St Paulus Primary School Geotrail



Within Pretoria there are three parallel, east-to-west ridge formations. One of these, the Daspoort ridge formation, runs from the Daspoort Tunnel and through the St Paulus grounds. It continues for another 240 km into Mpumalanga province and ends at Waterval-Boven. St Paulus School is built on the northern slope of a koppie composed of Daspoort quartzite. How did this kind of rock get here? Let’s find out!

Many thousands of years ago, a big river system ran from mountains through here into the sea (Fig 1). Granite Mountains weathered down to form blocks of rock called boulders that were washed down rivers. As these boulders moved over long distances, they would roll and grind against each other and became smaller and smoother like pebbles. Eventually these pebbles became sand grains. Closer to the river mouth, the sand started to sink to the river bed to form sand beds. Shallower muds (clay, mineral and fine soil mixture) and iron-rich silts (very fine, slimy soil) would also sink to the bottom on top of the sand beds. As the sand became deeply buried, it hardened into sandstone. Later the sandstone was buried so deeply that the sand grains cemented together under heat and pressure to form a very hard, glassy rock called quartzite.

Figure 1:          Formation of quartzite beds in ancient rivers

Various types of rock layers were buried at great depth (about 10 to 30 km below surface) where processes and pressures deep in the earth’s crust started to bend and deform the layers by folding them (Fig 2). The rock layers started to break forming cracks. These cracks or fracture are called joints. They opened up inside the rock and were usually filled by silica fluids called quartz. These fluids crystallized in the joints to form quartz veins. When the rock beds could no longer bend, they snapped along the joints and moved over or up or down past each other. This process is called faulting.

Figure 2:          Rock layers and beds being deformed by folding.

When the faulting happened, fiery molten rock called igneous rock was forced and squeezed in between the different rock layers in the earth’s crust. The molten rock cooled down and formed diorite sills, also called diabase sills.  These sills were cutting across the rock layers and made it look like the filling of a sandwich. At that point, we had folded deformed layers of sedimentary rock consisting of quartzites, siltstones, mudstones, ironstones, shales, dolomites and diorites. These mixed-up layers were again pushed upwards towards the surface, and tilted so that the rock beds here at St Paulus dip towards the north. The beds continued to be fractured causing the rocks to crumble and melt into breccia (jigsaw-like fragments of broken-up rock) alongside the fault. Mineral-rich igneous fluids filled the fault zone and fault breccias.  The breccias, diorites, siltstones, mudstones and shales are softer rock and erode more easily than quartzites. This is why we see the parallel ridges, hills and valleys in the Pretoria and Tshwane area (Fig 3).

Figure 3:          Several fault zones run through the area. The alignment of the various rock layers is disturbed because of faulting.

Figure 3 also shows shearing zones. Shearing is another form of rock-layer movement, where rock plates slide past each other, also causing the formation of breccias. In the St Paulus area, the shearing happened long before the faulting.  Whenever shearing or faulting takes place, an earthquake will follow. Two shearing zones and one fault zone is running through the St Paulus school grounds. Fortunately, these zones are stable and no earthquakes should occur for many hundred years to come! Fault and shearing zones are rich in minerals and trees like to grow there. It is at these areas that we also find the commercial mines: let’s start digging for gold!

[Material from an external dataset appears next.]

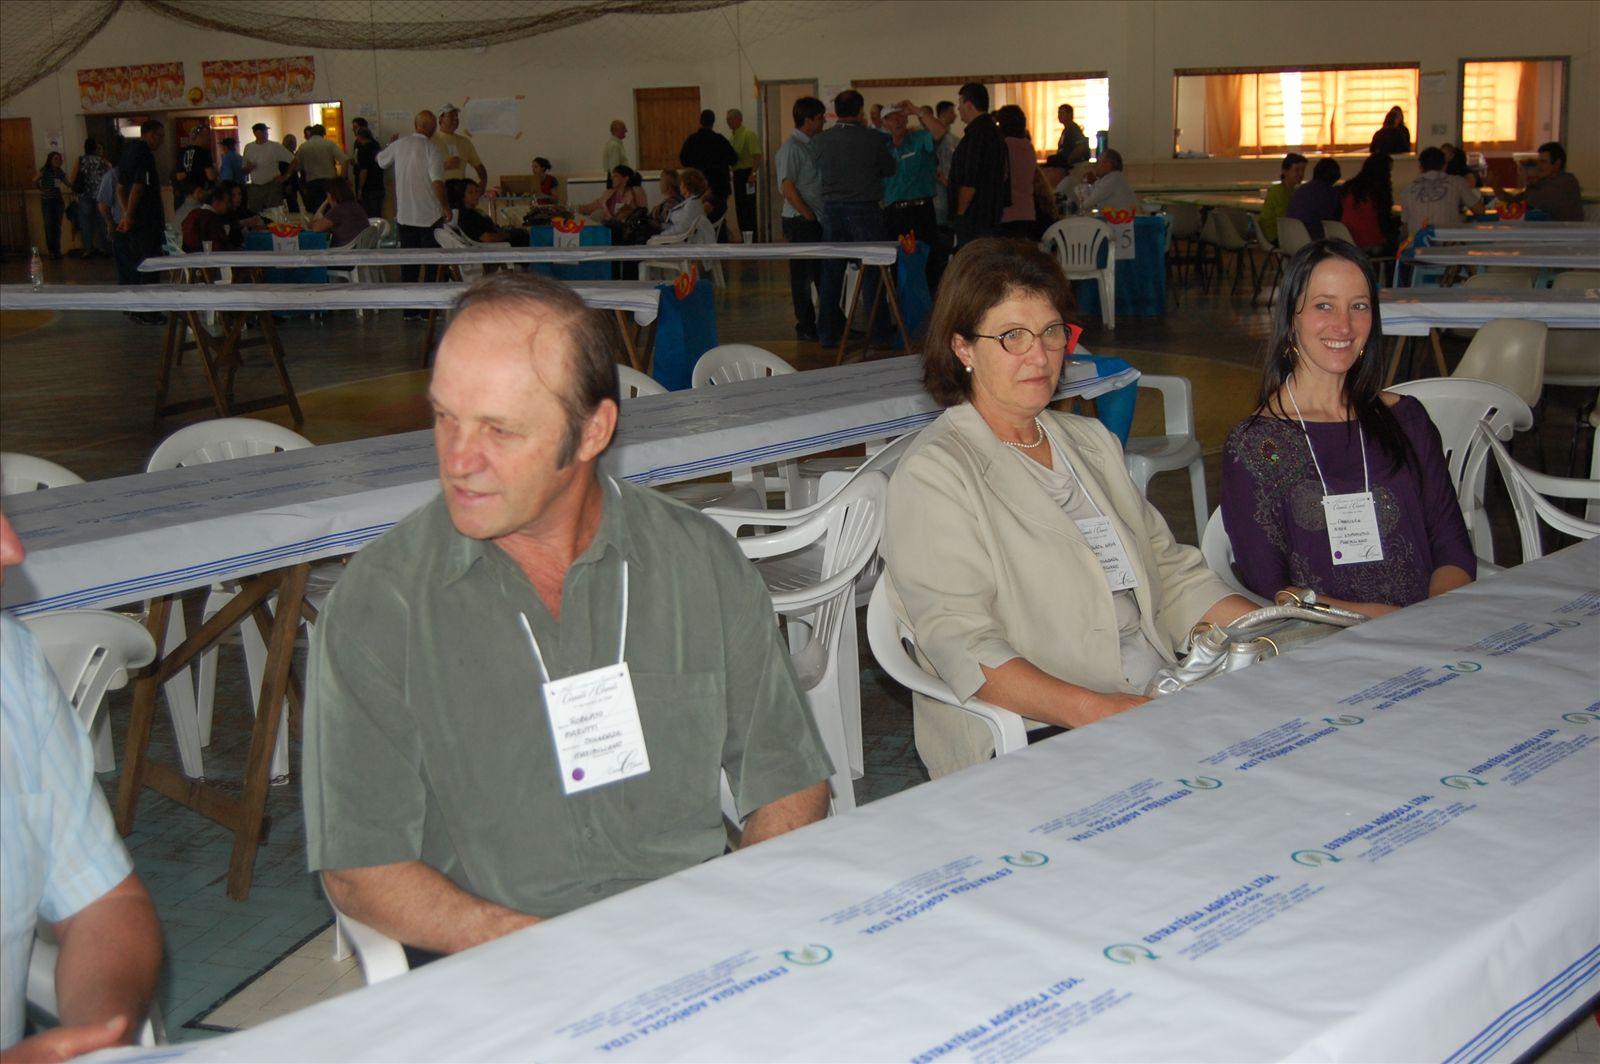 2º Encontro Família Cornelli - 11.10.2009 (83)_0

The geological trail reveals what the rocks tell us about long ago events that created the landscape and grounds of the School.



Along the trail there are 23 sites of geological interest. At each point there is extra information that explains the very interesting geological features and rock formations you are looking at. For example, at the north-western part of the trail you can read about the existence of a volcano in this area long before the visible sedimentary rock layers and soils were formed.

The geotrail was an initiative of the Grade 7 Environmental Committee of 2013.
It was developed with the assistance of an experienced geologist, Mr Tony Jamison.